Your goal: The answer must be the full data, restated word for word, with no pictures in it.

Information shown:
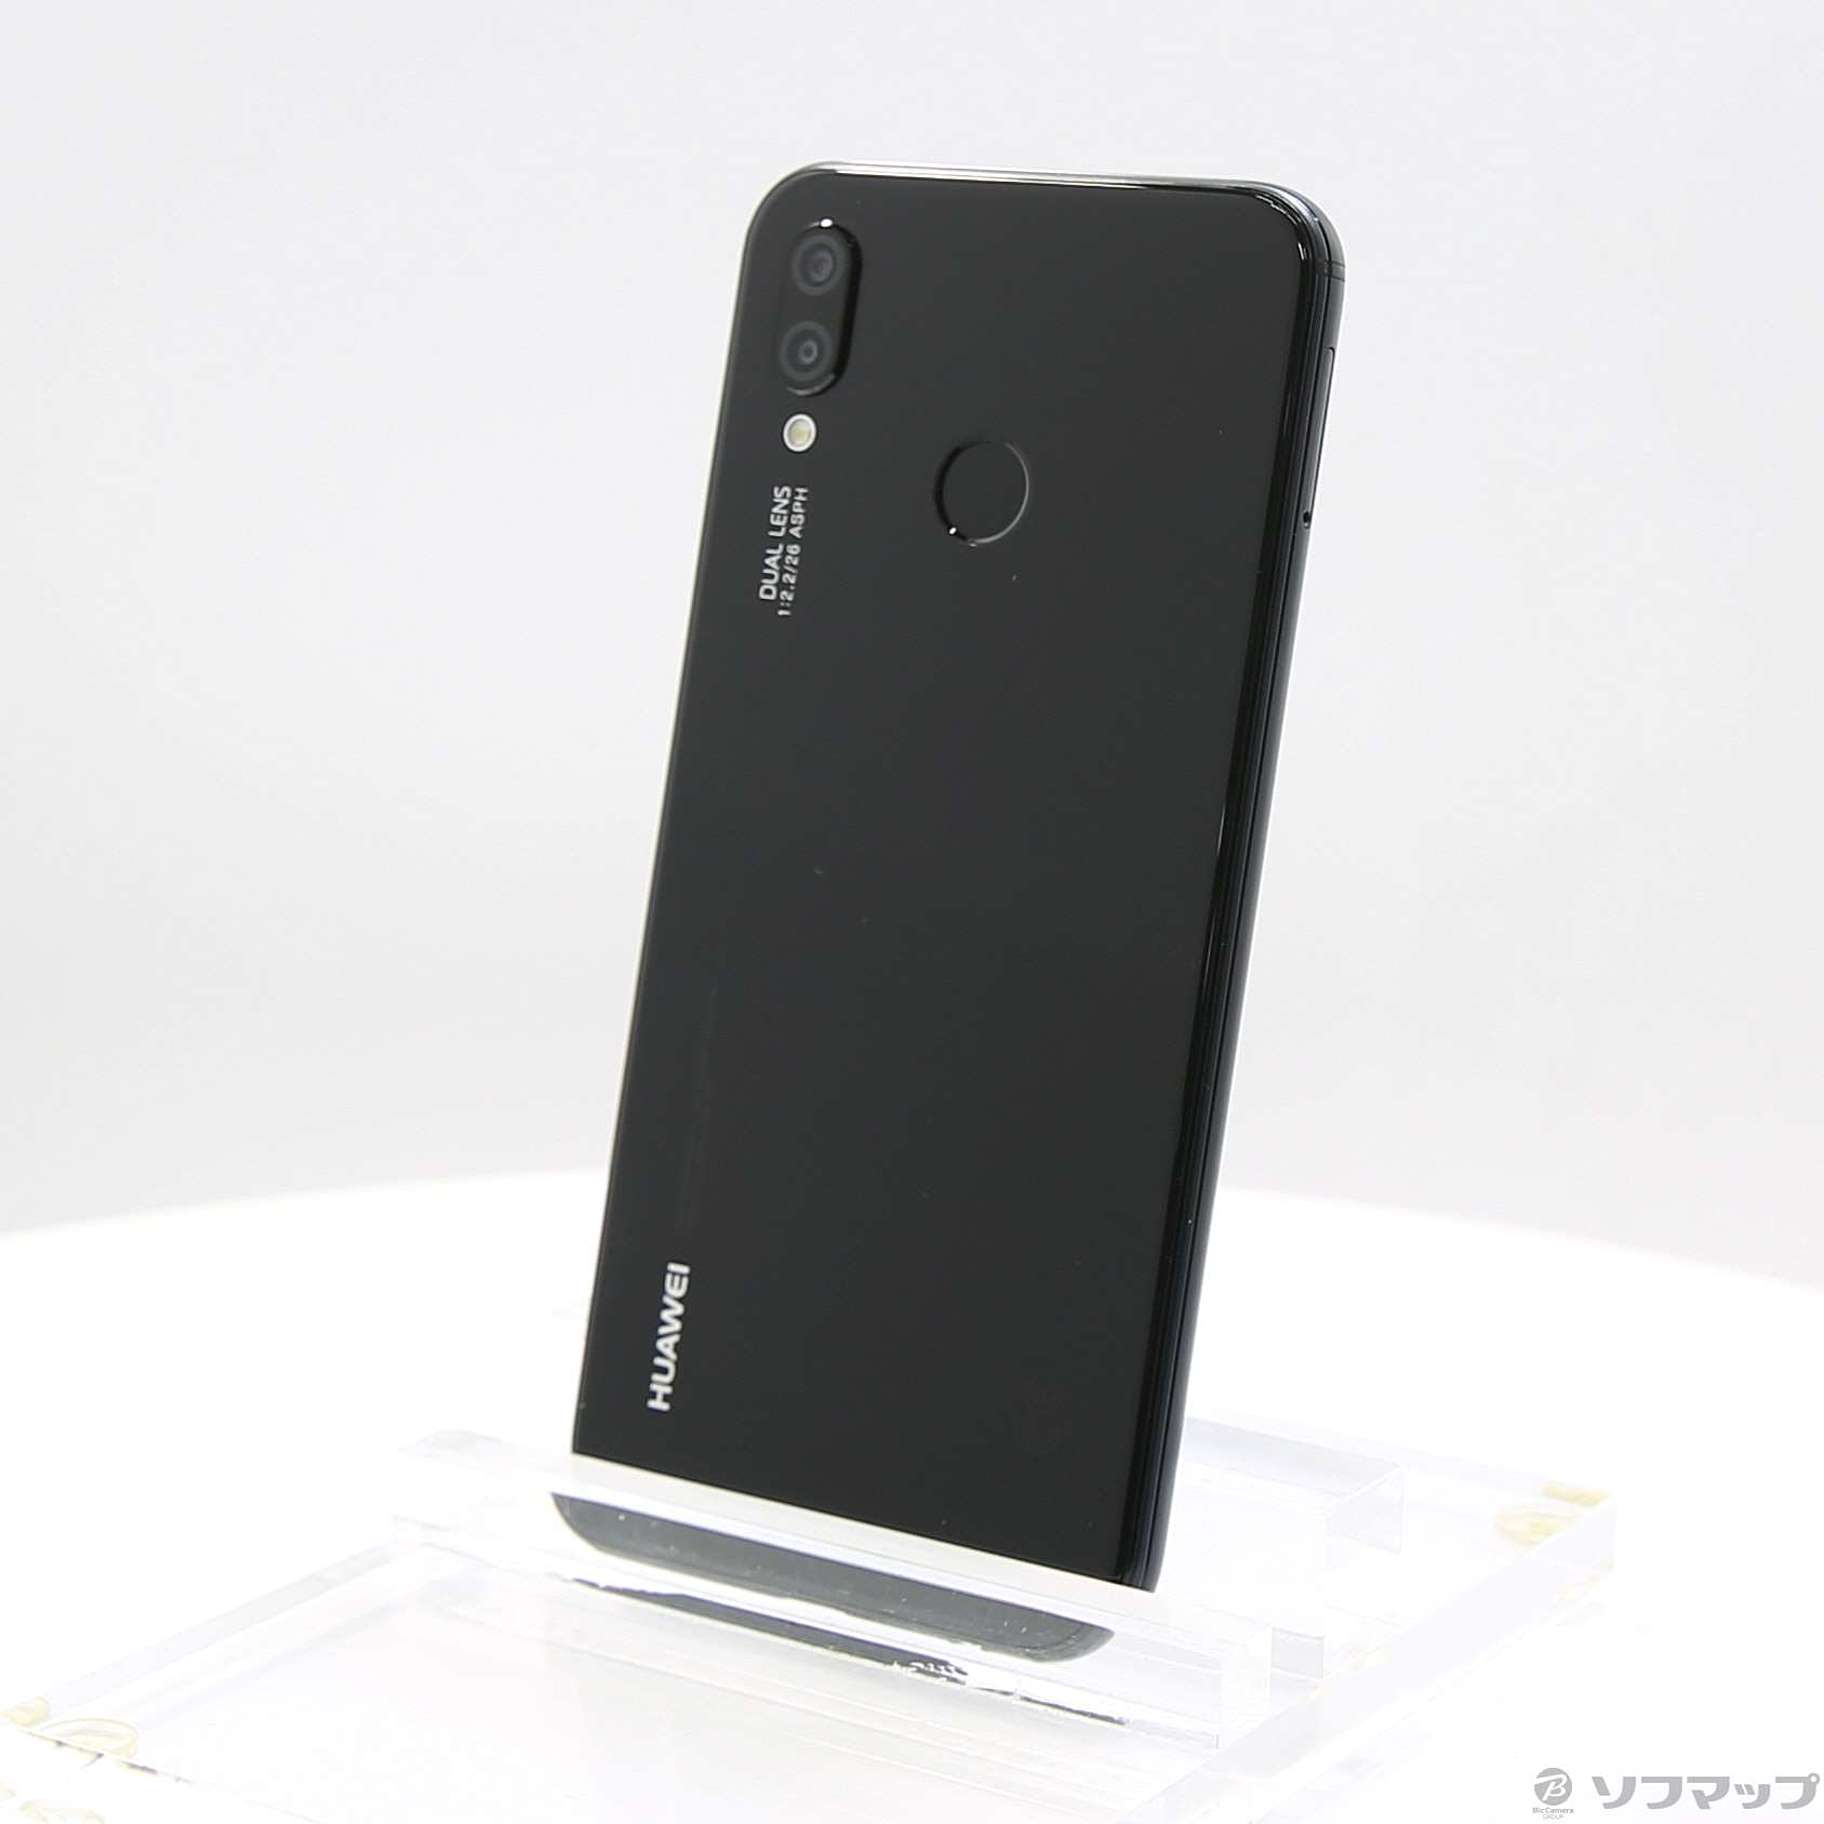 Huawei P20lite ブラック 32GB Y!mobile ケース付き
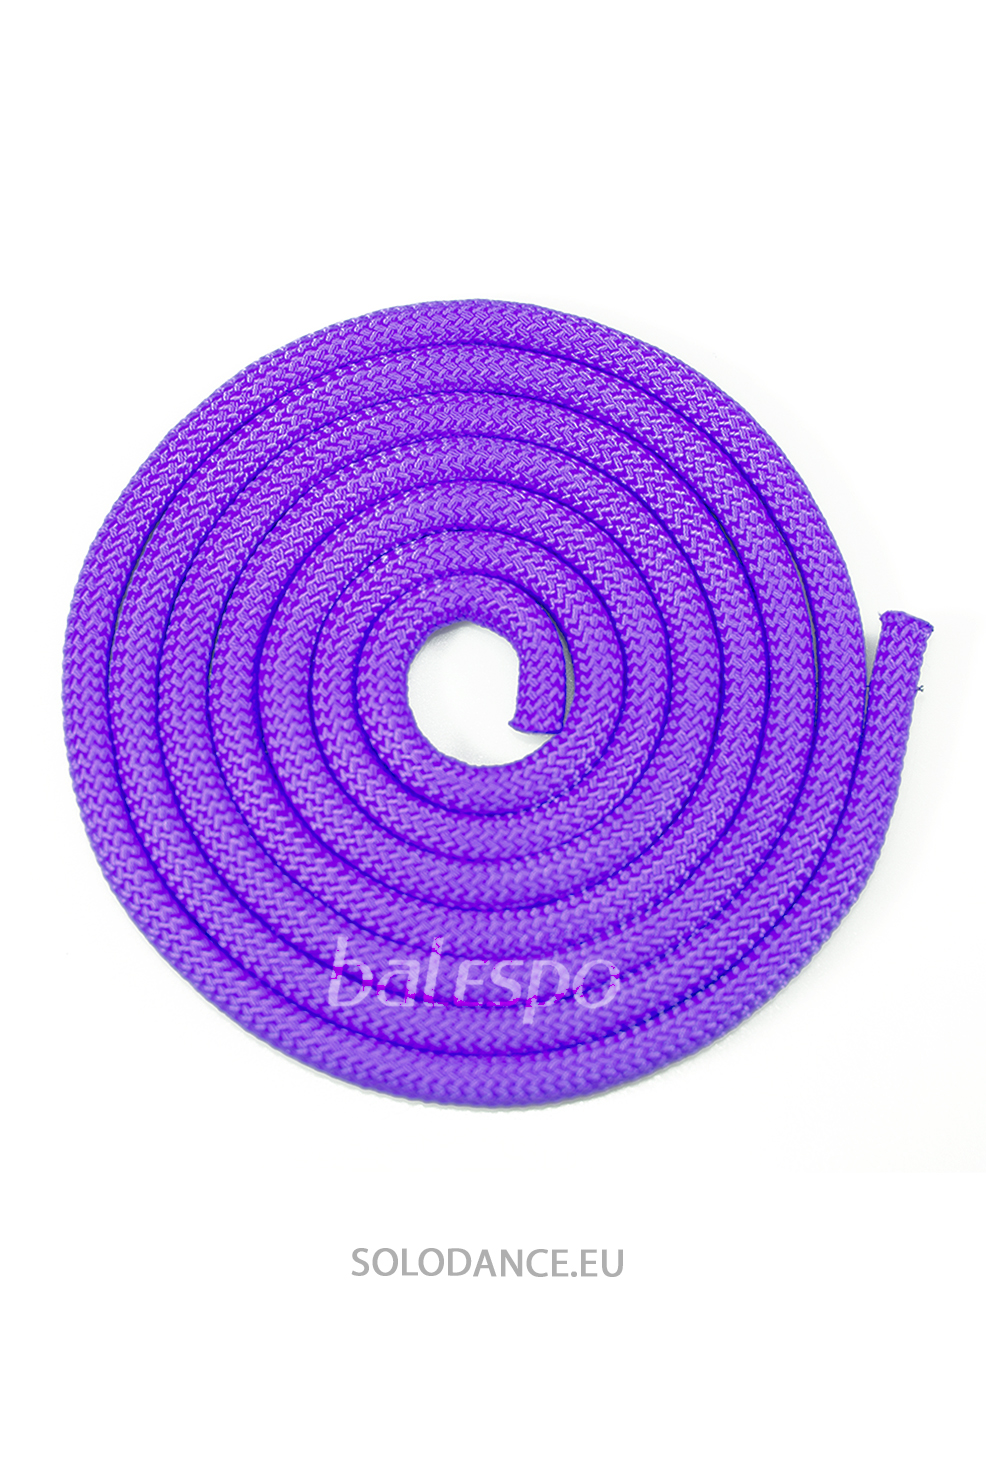 Gymnastic rope BALESPO purple 3 m
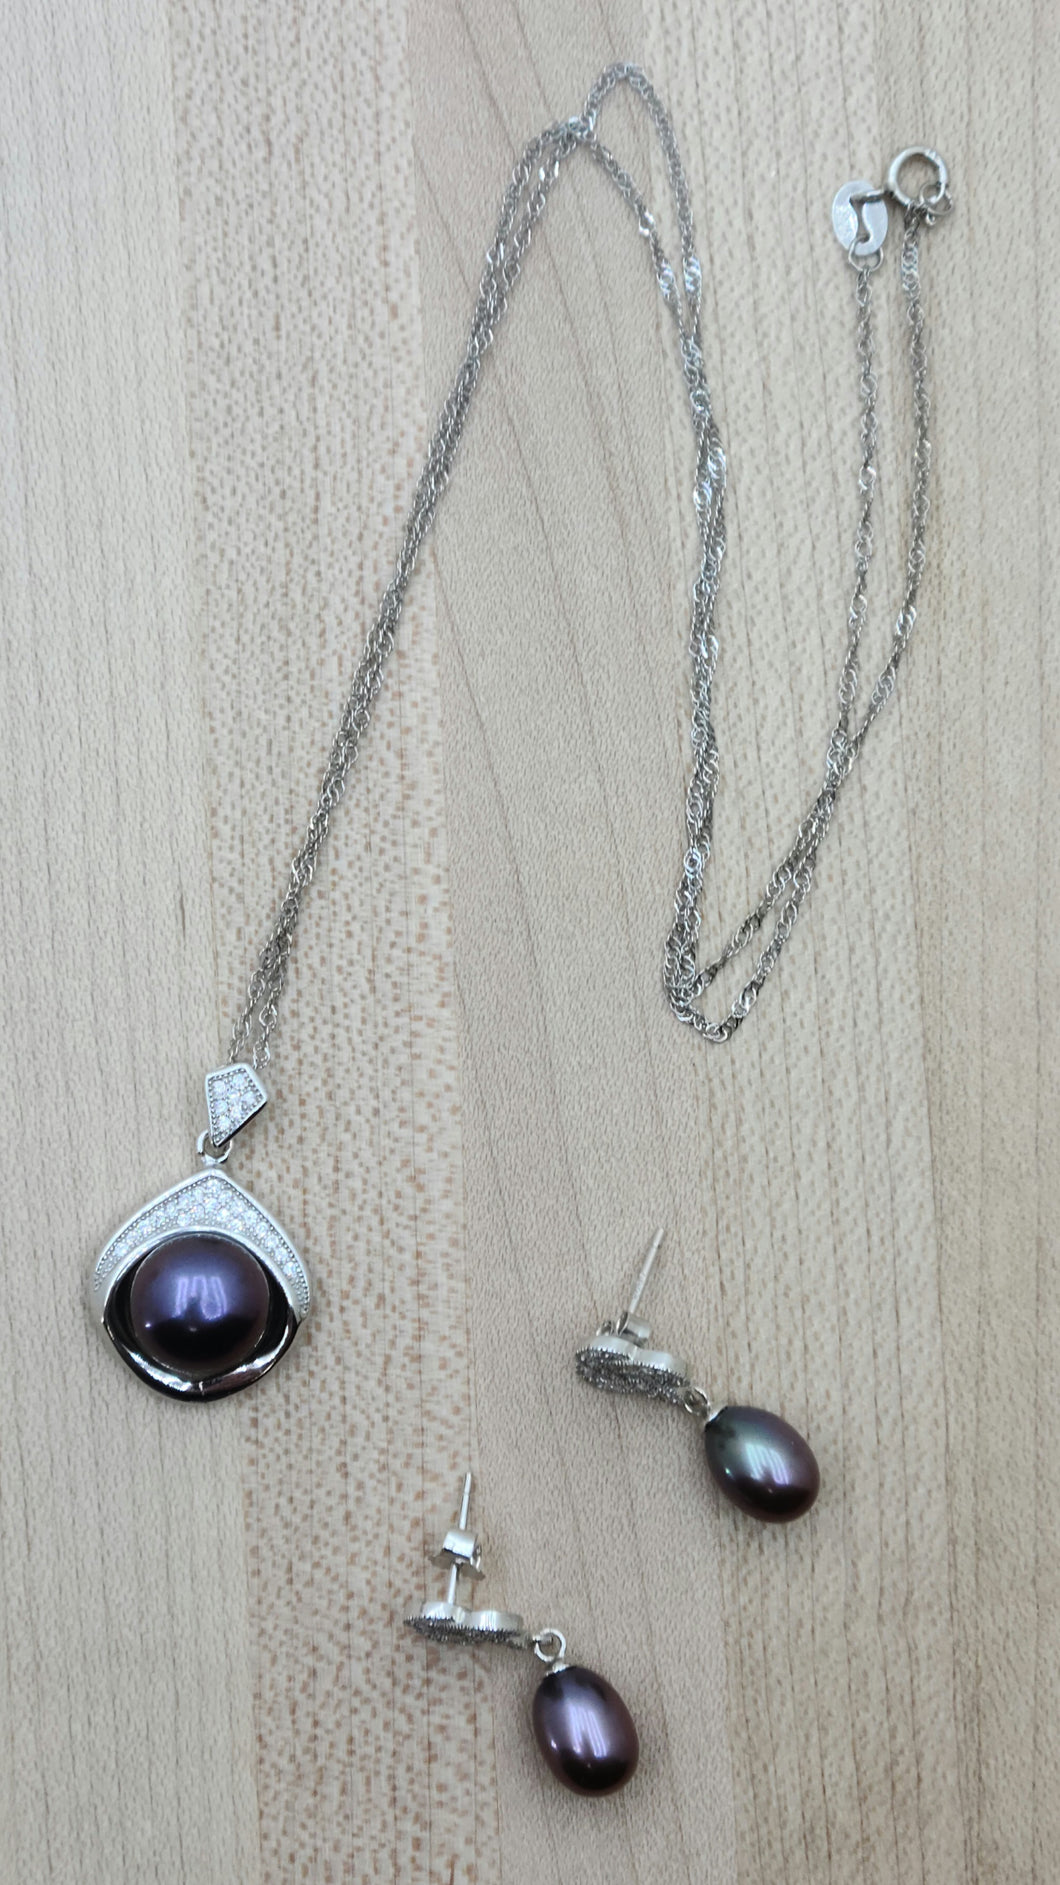 'Black' Pearl Necklace & Earrings
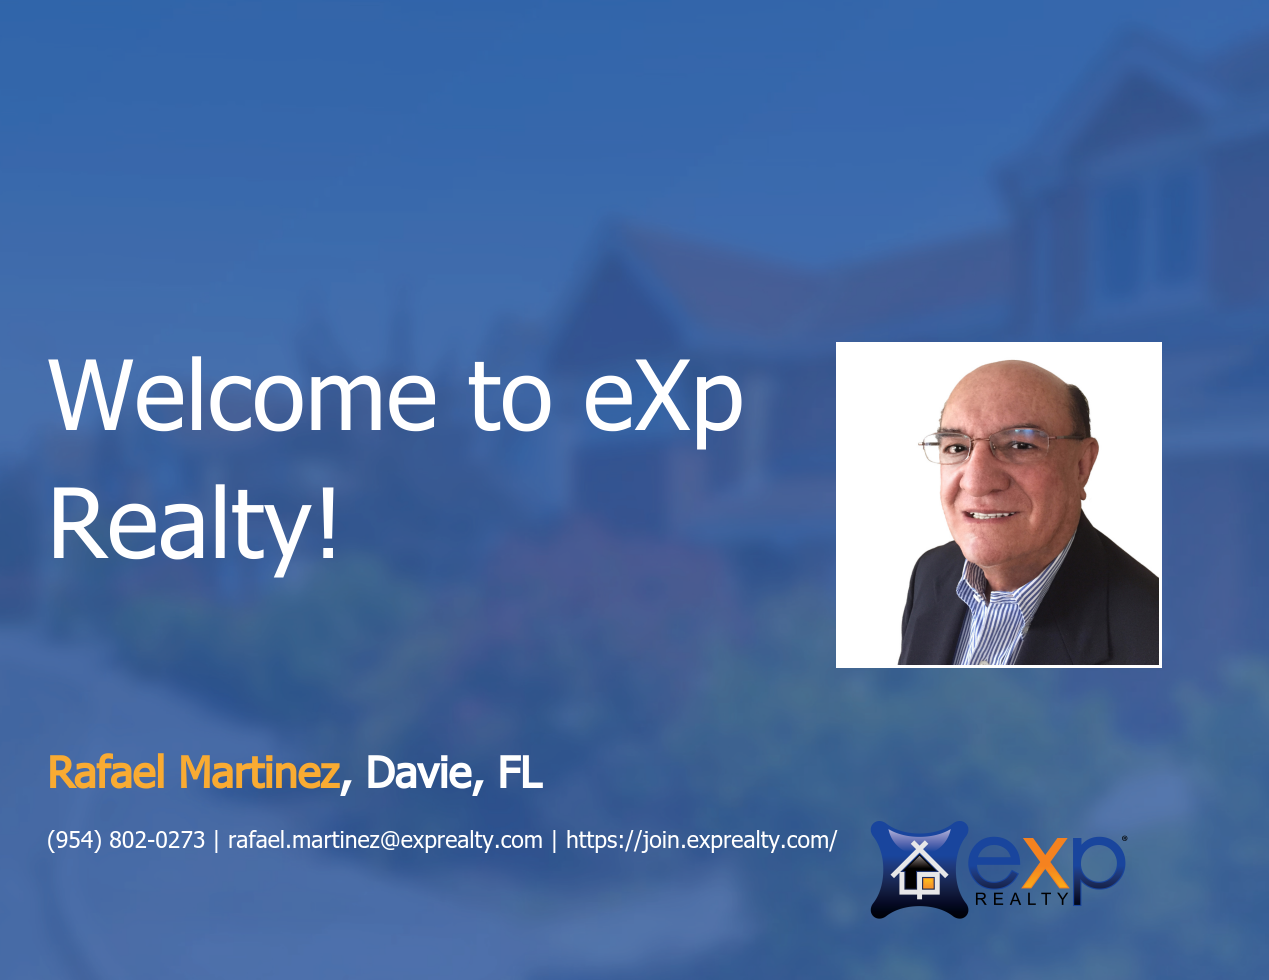 eXp Realty Welcomes Rafael Martinez!

Answer box:
 Huawei P20lite ブラック 32GB Y!mobile ケース付き
 Gymnastic rope BALESPO purple 3 m
 'Black' Pearl Necklace & Earrings
 eXp Realty Welcomes Rafael Martinez!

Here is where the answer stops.